» BRIEF: Reproduce every line of the material below exactly. No pictures belong in the copy.

» INFORMATION PROVIDED:
== Segment start ==
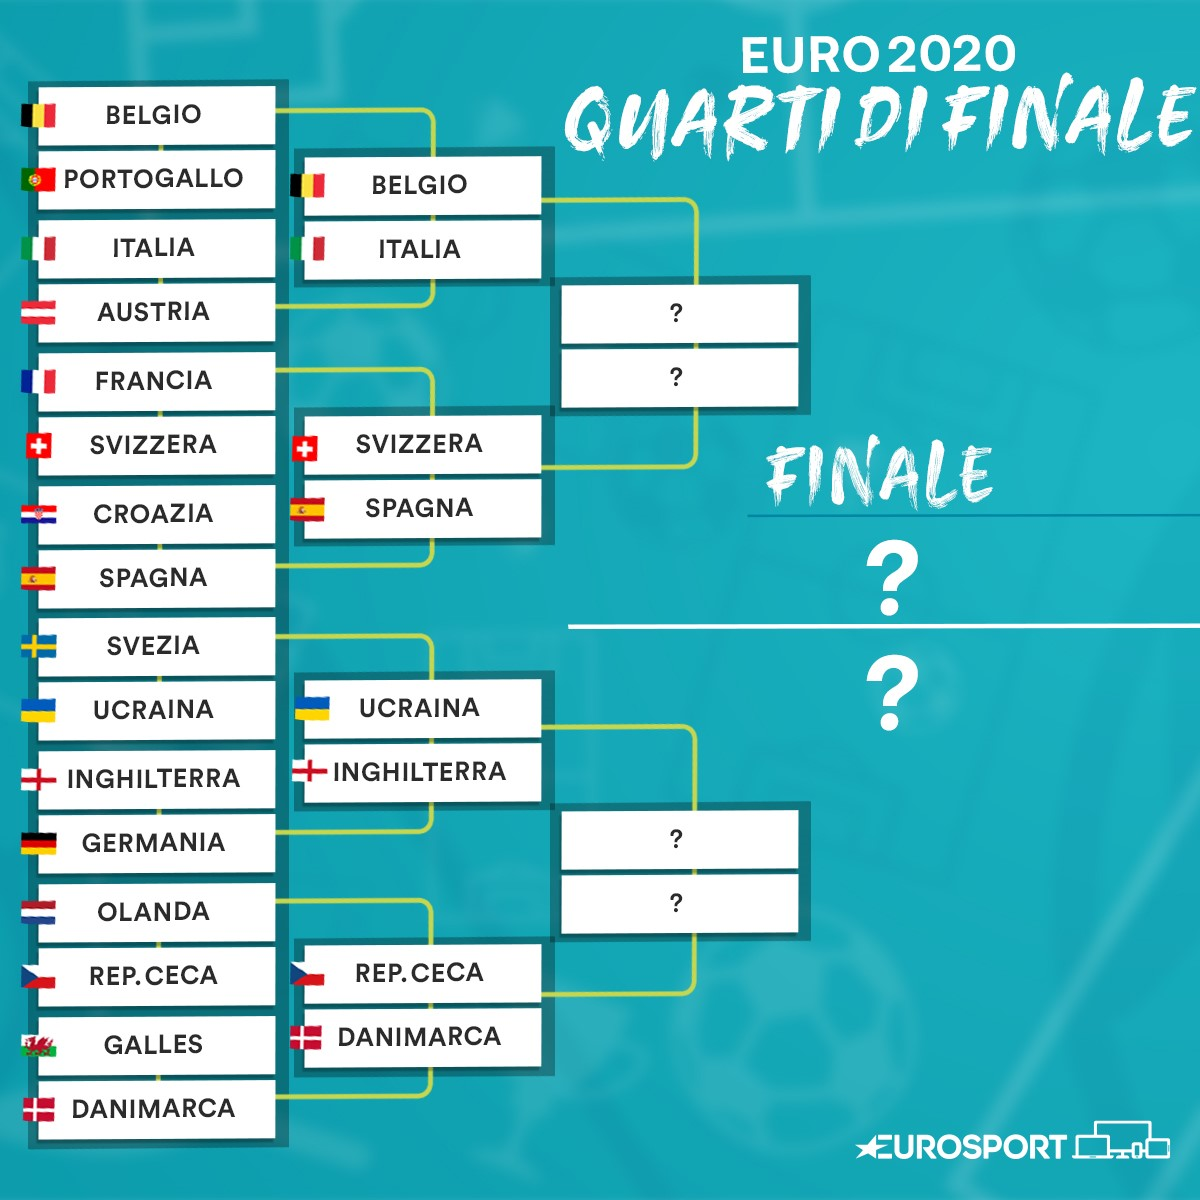 https://i.eurosport.com/2021/06/29/3164140.jpg
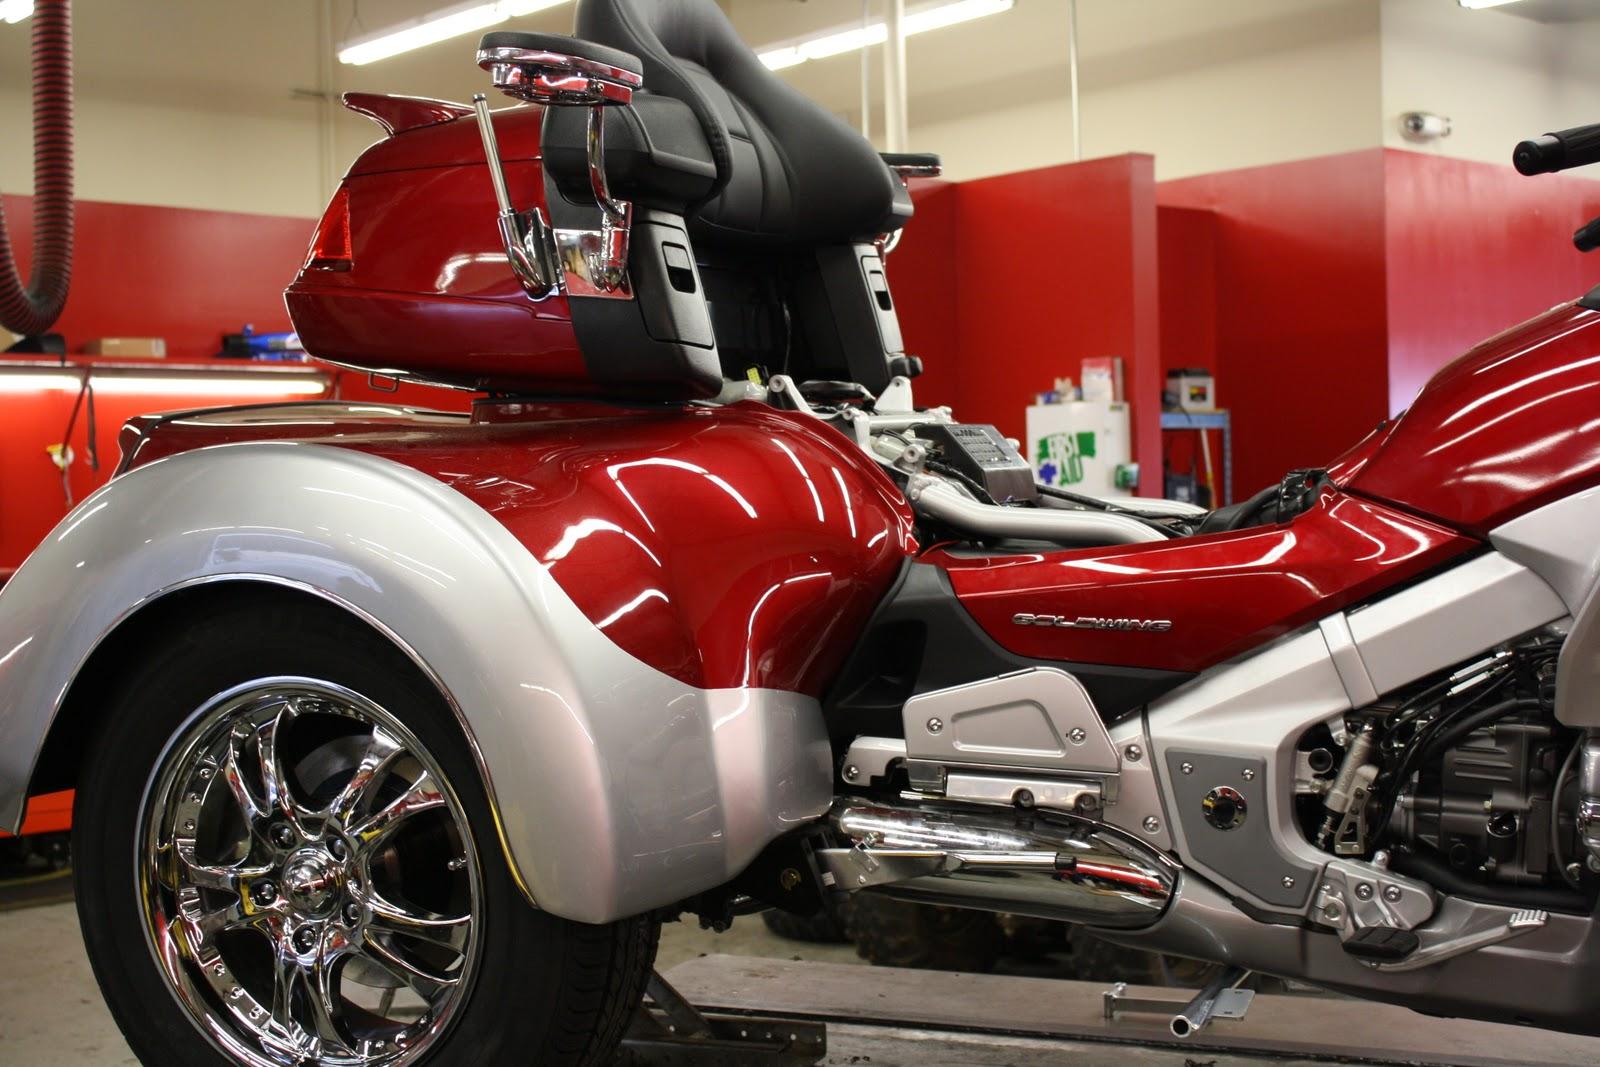 Heartland Honda: September 2011
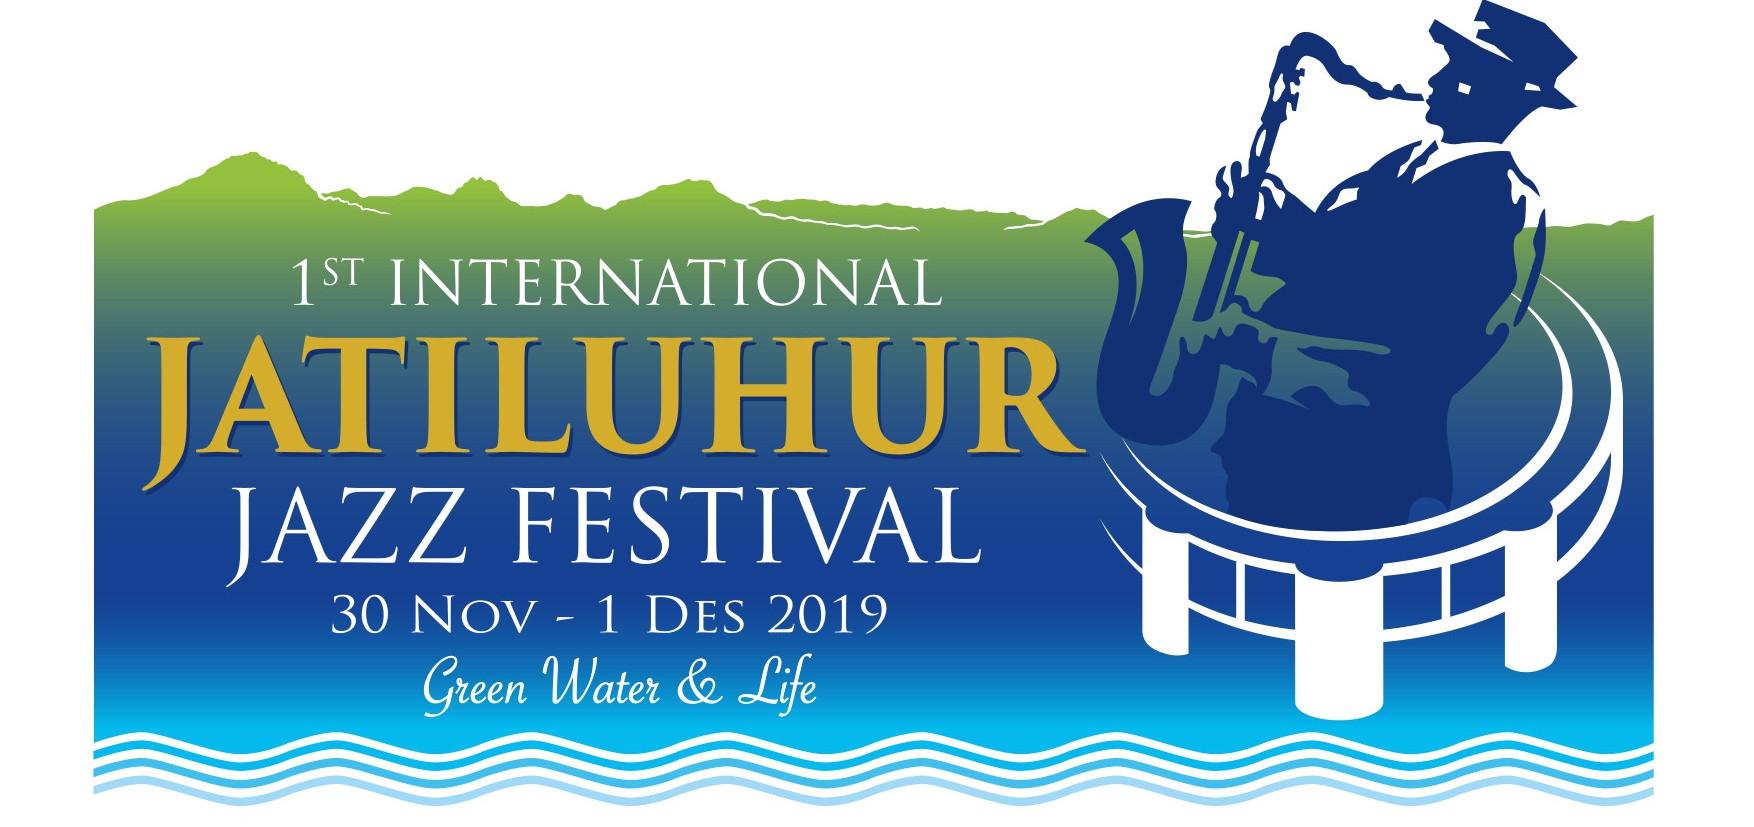 The 1st International Jatiluhur Jazz Festival 2019
== Segment end ==
» EXERCISE RESULT:
 https://i.eurosport.com/2021/06/29/3164140.jpg
 Heartland Honda: September 2011
 The 1st International Jatiluhur Jazz Festival 2019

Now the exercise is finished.